Cette petite histoire nous rappelle le conte « Hans im Glück » popularisé par les frères Grimm, où le héros, naïf mais heureux se déleste peu à peu de ses biens sans jamais perdre son optimisme. Ce récit, qui connait de nombreuses adaptations en Europe illustre le paradoxe d’un bonheur trouvé dans la simplicité et l’absence de possession.
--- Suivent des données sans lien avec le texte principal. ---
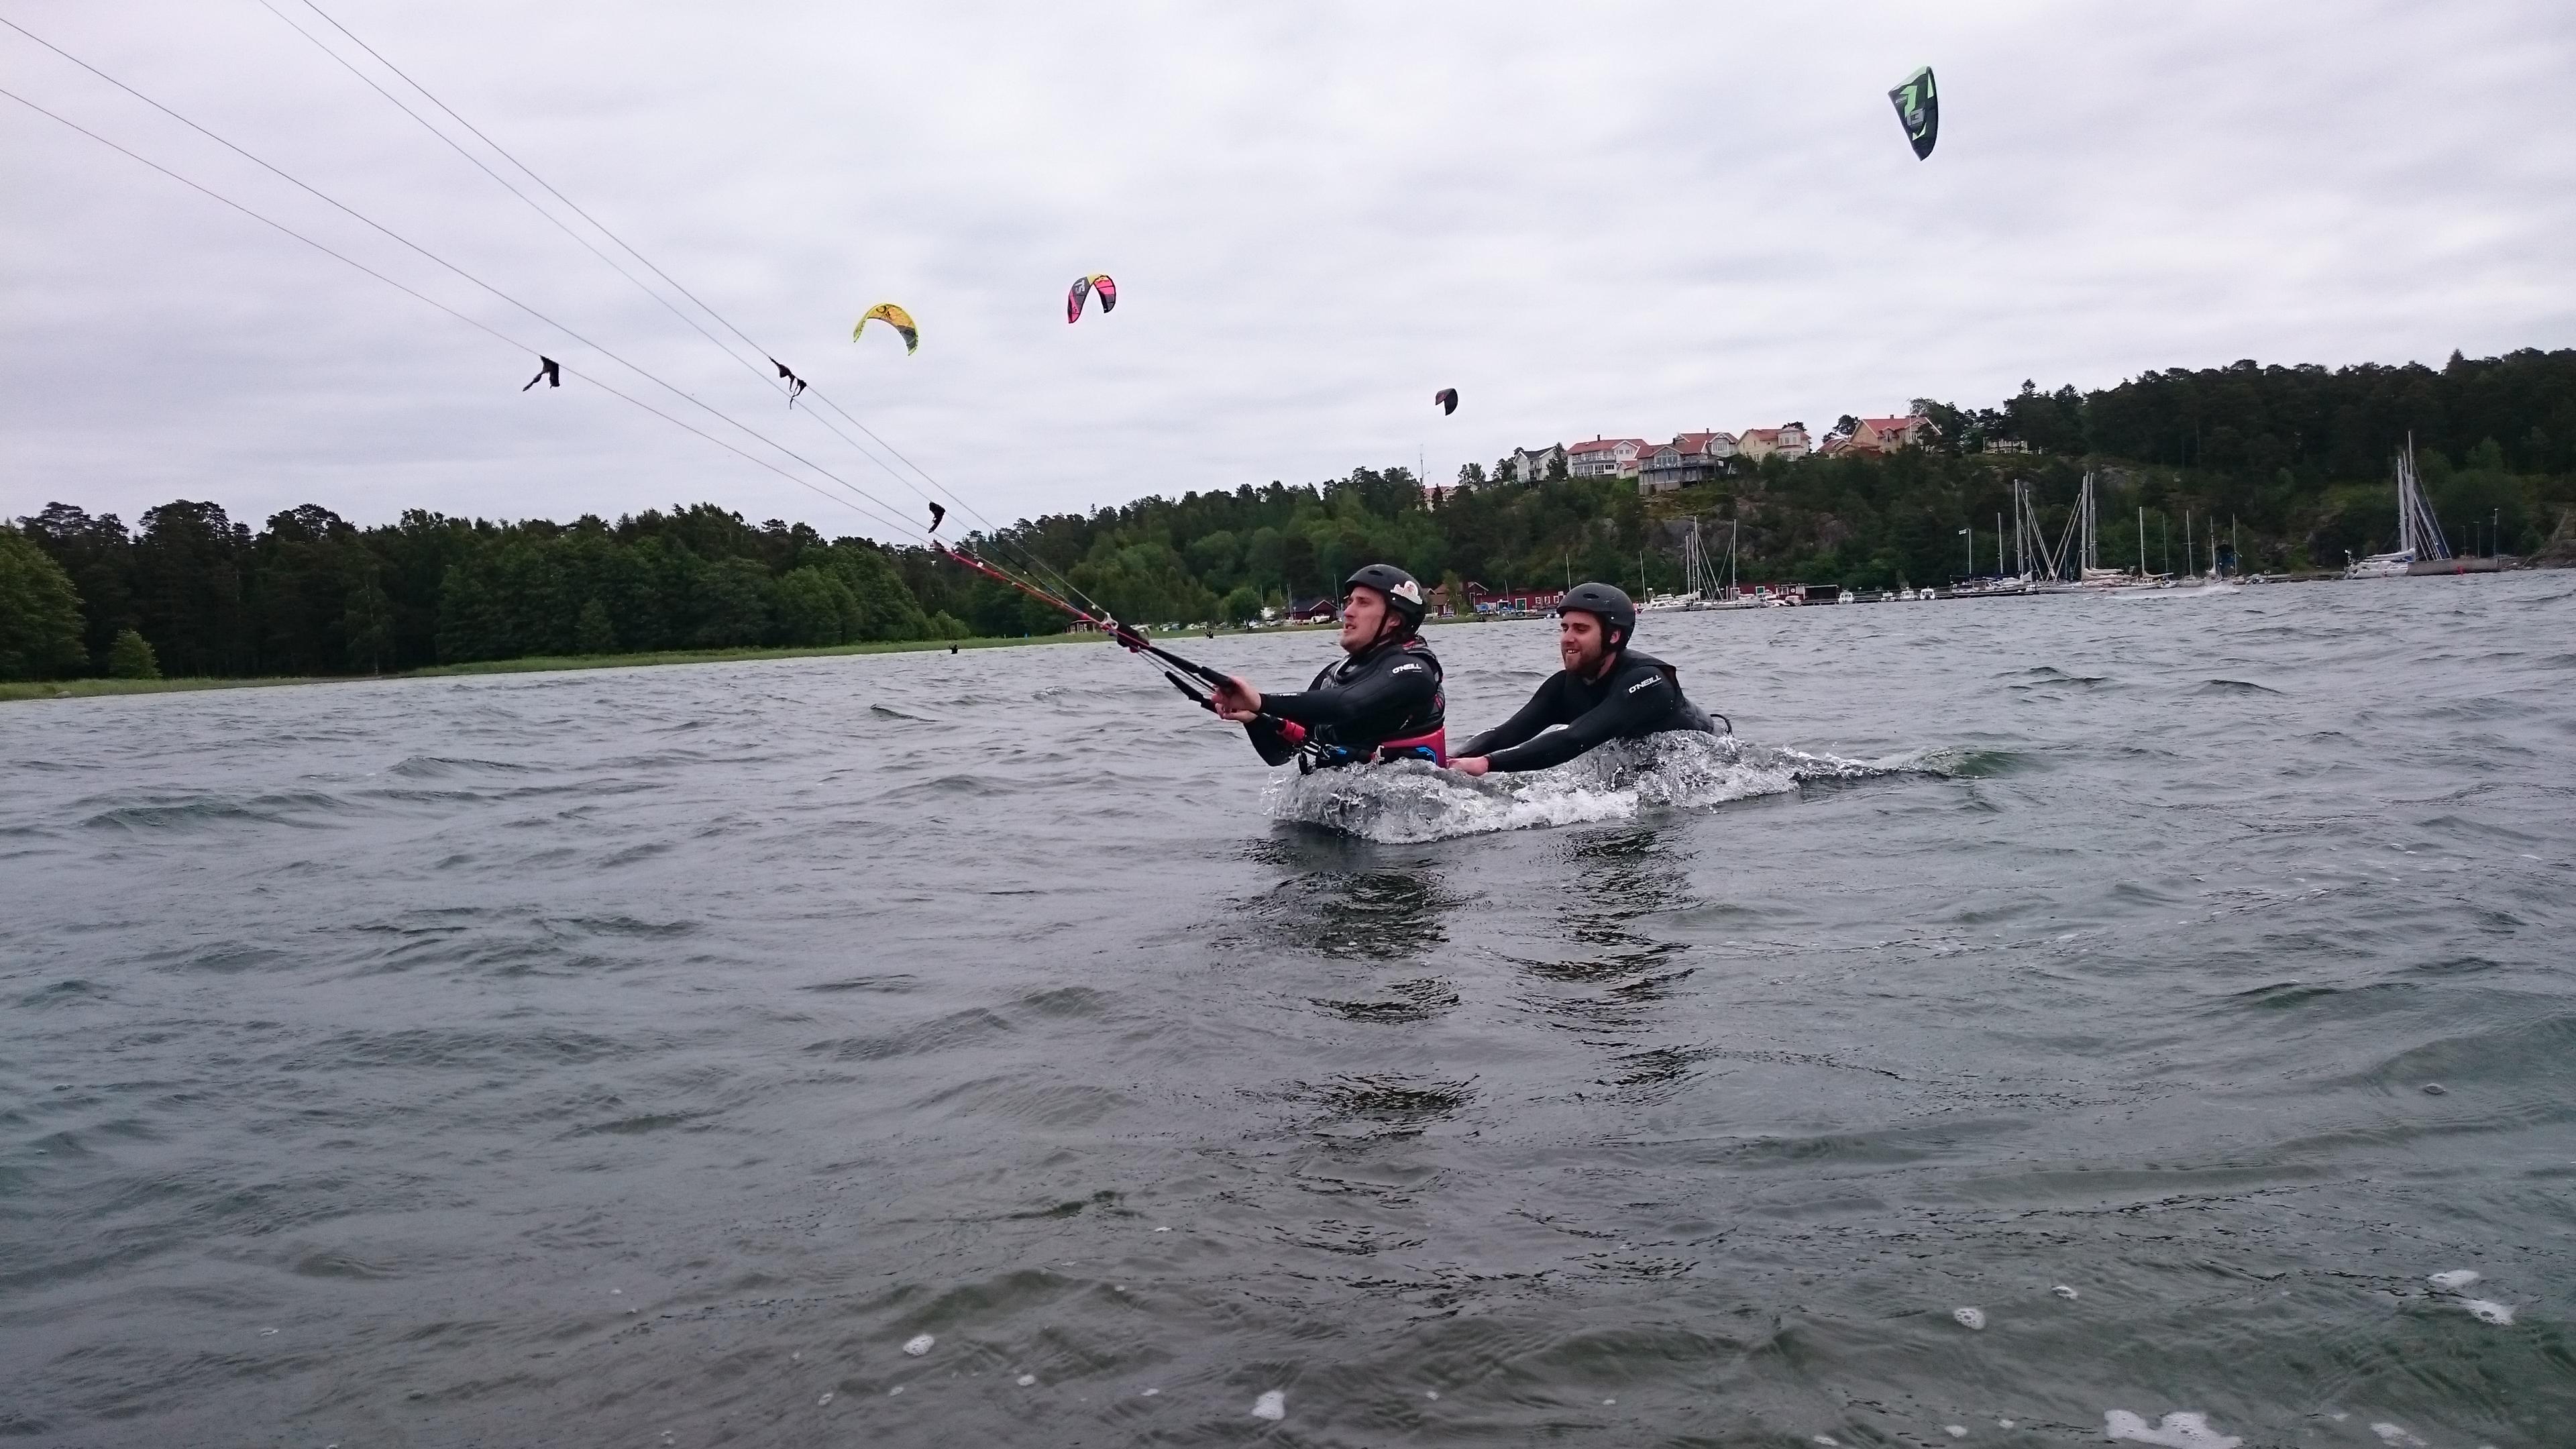 Kitesurfing dalarö

Selon Corona Schmiel, ce récit est singulier car il inverse le schéma classique du conte merveilleux.
Bonjour,
Cette histoire de troc ressemble comme à s'y méprendre à une version simplifiée du conte popularisé par les frères Grimm, Hans im Glück (ATU 1415) (ou Jean le Chanceux, Jean la Chance en français), dans leur recueil Contes de l'enfance et du foyer (1819).
Ce conte aborde le thème de la naïveté, Jean est persuadé à chaque rencontre de faire de bonnes affaires, mais aussi celui de la simplicité. Malgré des biens qui se réduisent considérablement, Jean reste optimiste et heureux même après avoir égaré la pierre à aiguiser, le dernier objet qui lui restait de toutes ces tractations.
De nombreuses adaptations de ce récit semblent s'être déversées un peu partout en Europe. Corona Schmiel dans son article « “J’ai mis mon bonheur dans rien” » publié dans Masques et métamorphoses de l’auteur dans les contes de Grimm (Presses universitaires de Caen, 2015) évoque ces nombreuses traductions dès l'introduction :
Par sa simplicité mythique, ce petit récit anodin de « Hans im Glück » a fait rêver et en a inspiré d’autres. Notamment, à travers Andersen et son Lykke-Per, le roman du danois Pontoppidan, Hans im Glück – Pierre le Chanceux, assorti d’une interprétation par Georg Lukács ; jusqu’au jeune Brecht et à sa pièce fragmentaire du même nom.
Wikipédia mentionne également une version de Adelbert von Chamisso et Ludwig Bechstein.
Nous vous laissons avec cette analyse très intéressante de Corona Schmiel, qui évoque le contresens narratif employé par ce conte et qui en caractérise toute l'originalité :
Hans nous touche par le paradoxe de son existence : le bonheur, il l’a, comme un capital inentamable, mais il ne le trouve nulle part (à chaque étape, ce n’est pas cela, il est déçu).
Il nous touche, ou plus précisément, il nous fait respirer, parce qu’il cherche à se débarrasser de tout ce qui pèse, à devenir nu comme un nouveau-né.
Tout cela, seule la version Grimm peut nous le suggérer, la source reste terne à côté, une pure farce sur un sot qui n’inspire que la joie mauvaise du malheur des autres.
Le récit fait rêver parce qu’il illustre peut-être une « idée première de l’humanité ». L’histoire, bien que dérivée d’une farce, est merveilleuse, sans que rien en elle ne relève du merveilleux. Bien que solidement ancrée dans la réalité, elle l’est, justement, parce qu’elle inverse le schéma proppien du conte merveilleux, où le héros part en quête de la réparation d’un manque initial. Ici, au contraire, il retourne chez lui et le manque « objectif », matériel, se trouve à la fin. Le cas est rare, sinon unique dans les khm.
Source : Corona Schmiel dans son article «“J’ai mis mon bonheur dans rien”» publié dans Masques et métamorphoses de l’auteur dans les contes de Grimm (Presses universitaires de Caen, 2015).